WASHINGTON _ Suppose you're a commander in chief who's been invited to deliver a State of the Union address, then disinvited, but you're still determined to deliver the address as scheduled on Tuesday.
And you really want it to look like you're in the U.S. House of Representatives _ like last year, and like every other president for decades.
One place to seek inspiration: Hollywood.
The U.S. Capitol is off limits for filmmakers, except on the outside. But Hollywood has found ways around that _ some of which might provide some ideas for President Donald Trump as he searches for a suitable venue, now that House Speaker Nancy Pelosi has shunned him until the federal government reopens.
"We will have a response to Nancy Pelosi in due course," he told reporters on Wednesday.
After all, the show must go on.
_ "MR. SMITH GOES TO WASHINGTON"
The 1939 Frank Capra classic starring Jimmy Stewart as the idealistic senator was filmed in ... Hollywood, except for outdoor shots.
Scenes in the Senate were filmed on a sound stage.
_ "LINCOLN"
The 2012 Steven Spielberg movie starred Daniel Day-Lewis as the 16th president.
It used the House of Delegates at the Virginia State Capitol as a stand-in for the U.S. House chamber, where much of the action takes place as lawmakers wrestle with emancipation and Civil War.
_ "HOUSE OF CARDS"
Before actor Kevin Spacey's scandalized fall from grace, his amoral Frank Underwood rose from congressman to president thanks to murder, treachery and Machiavellian conniving in "House of Cards."

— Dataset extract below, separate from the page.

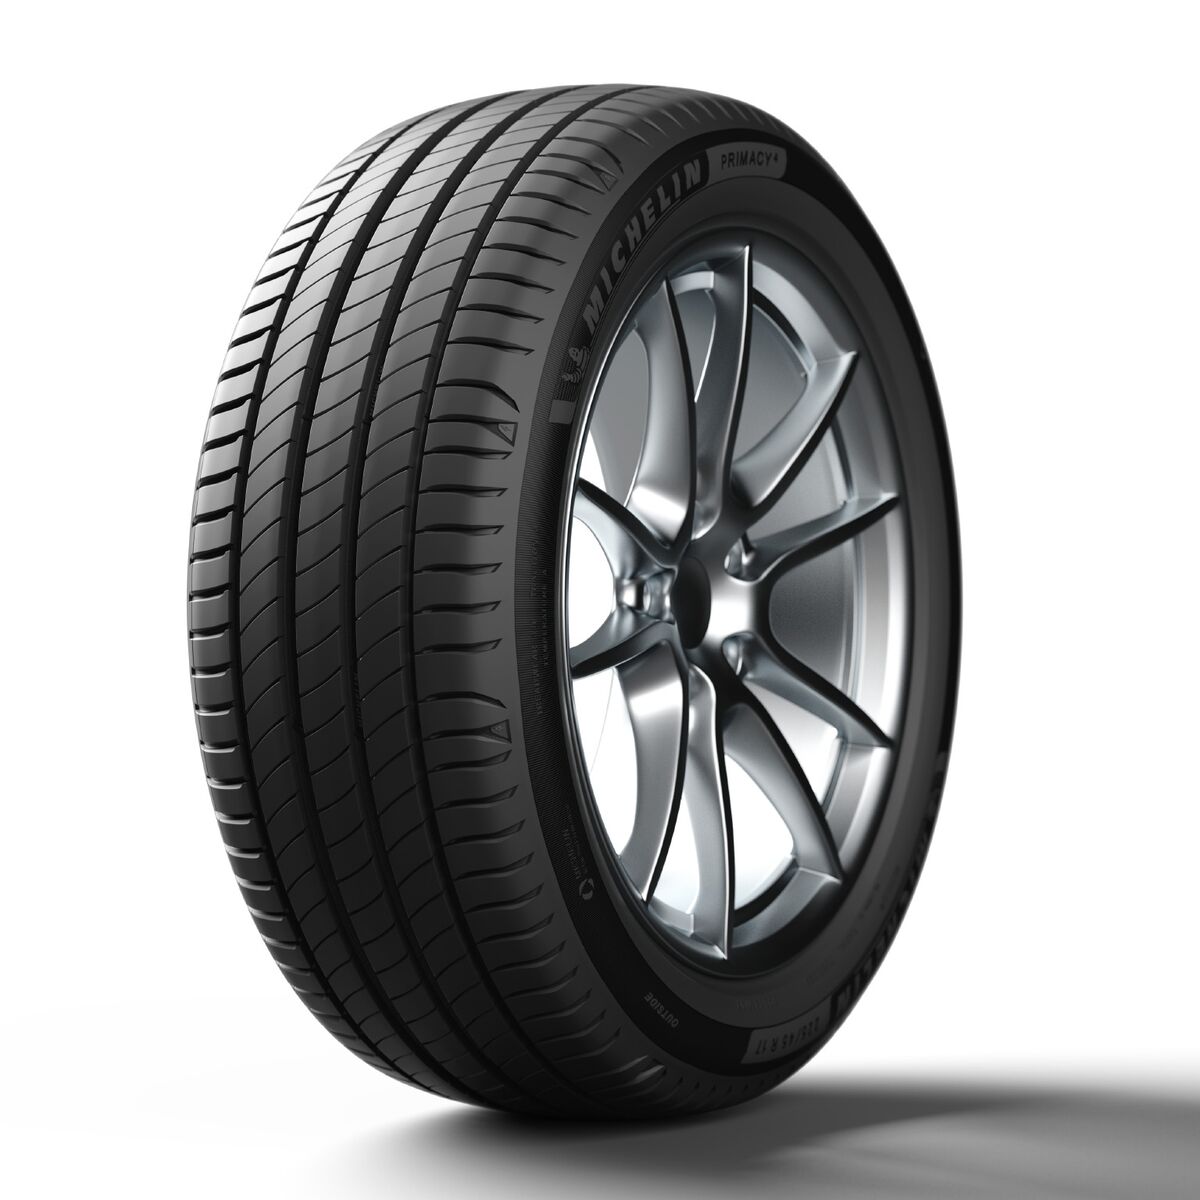 Neumático Michelin Primacy 4 225/45 R17 91 Y Normal (Verano)

The Netflix series filmed in Maryland. Interior shots of the U.S. Capitol were filmed at the state capitol in Annapolis and at a warehouse turned sound stage in Joppa.
_ "DAVE"
This 1993 movie starred Kevin Kline as Dave, the lovable owner of an employment agency who is a dead ringer for a rather despicable president. When the president has a stroke while cheating on the first lady, his chief of staff presses the doppelganger into service. Dave ends up enjoying the gig, firing the chief of staff, and calling in his CPA best friend to straighten out the government's books.
His address to Congress was also filmed at the Virginia state capitol in Richmond.
_ "VEEP"
HBO's "Veep" stars Julia Louis-Dreyfus as Selena Meyer, a former senator who finds that serving as vice president isn't as great as she'd hoped.
The show used a sound stage in Columbia, Md., to re-create the House chamber before filming shifted from Maryland to Los Angeles.
_ "W."
Like many films set in Washington, the 2008 biopic starring Josh Brolin as George W. Bush relied on studios to re-create interior shots. "W." was shot mostly in Shreveport, La.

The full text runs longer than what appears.